Supporting the Second Amendment as a political matter is not the same thing as understanding what the Second Amendment requires as a legal matter. The first is a preference. The second is an obligation. And right now, in this race, not one candidate has been willing to address the obligation.

What the Oath Actually Requires

Every governor of Tennessee takes an oath to support the Constitution of the United States. That oath is not ceremonial language. It is a legal obligation with a specific content, and Article VI of the Constitution makes that content explicit. When an official takes the oath, they are swearing to uphold the Constitution as written. What that means in practice is that an official who enforces a law repugnant to the Constitution is not acting under lawful authority. The Supreme Court recognized this in Ex parte Young.

The Question That Matters

The Second Amendment says the right of the people to keep and bear arms shall not be infringed. That is a negative command. It is not a balancing test. It is not a suggestion. It is a flat prohibition addressed to government.

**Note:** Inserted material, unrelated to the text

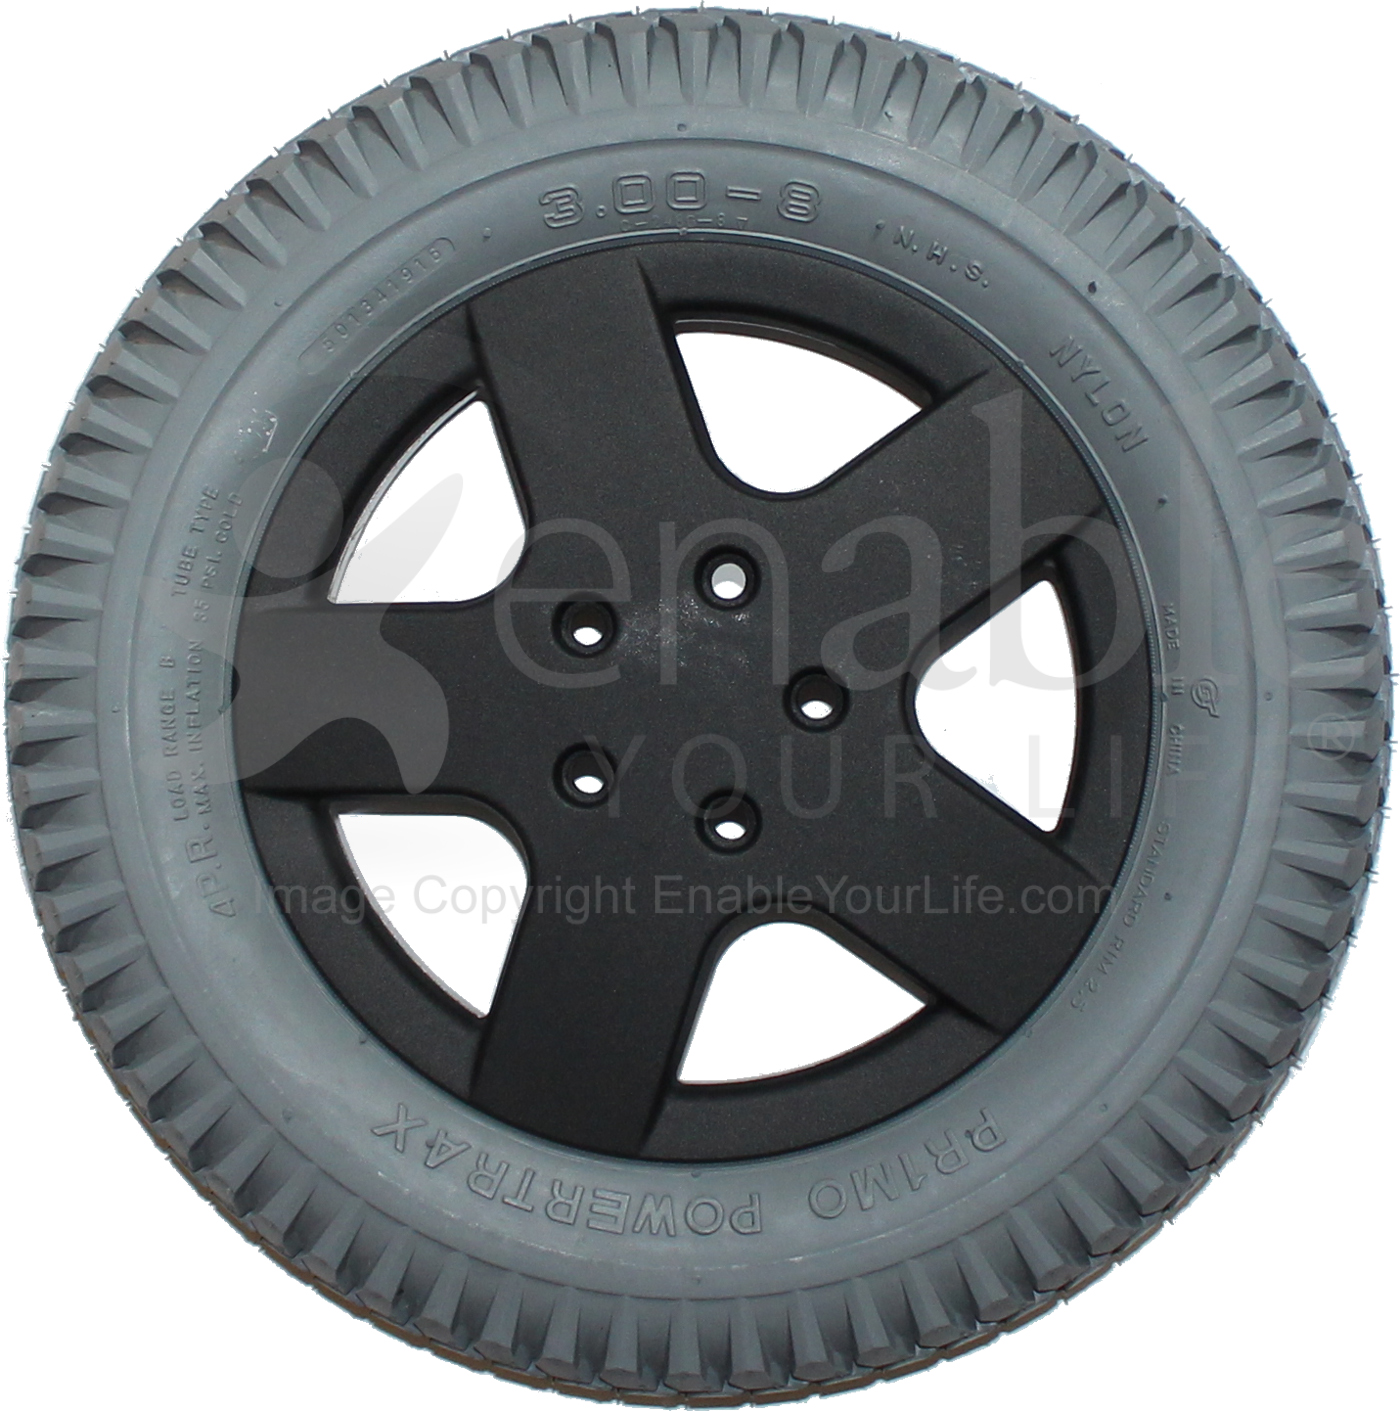 Primo 14x3 (3.00-8) Foam Filled, Black, Power Wheelchair Tire

The question every candidate in this race needs to answer is not whether they support that right in the abstract. It is what they will do when that right collides with a law that violates it. Will they use the authority of the governor’s office to refuse enforcement of laws that contradict the Second Amendment’s plain text? Those are not exotic questions. They follow directly from the text.

The Standard Political Dodge

Candidates have developed reliable ways to sound strong on the Second Amendment while avoiding the constitutional substance. The phrase “law-abiding citizens” is where the dodge usually lives. It sounds reasonable. What it actually does is import a judicial invention directly into the candidate’s constitutional framework. The Second Amendment does not say the right of law-abiding citizens. It says the right of the people. Those are different categories, and the difference matters enormously.

The accountability standard is not complicated. It is the same standard the Constitution applies to every official who takes the oath. Say what you mean. Mean what you say. When the text of the document you swore to uphold collides with a law, choose the document.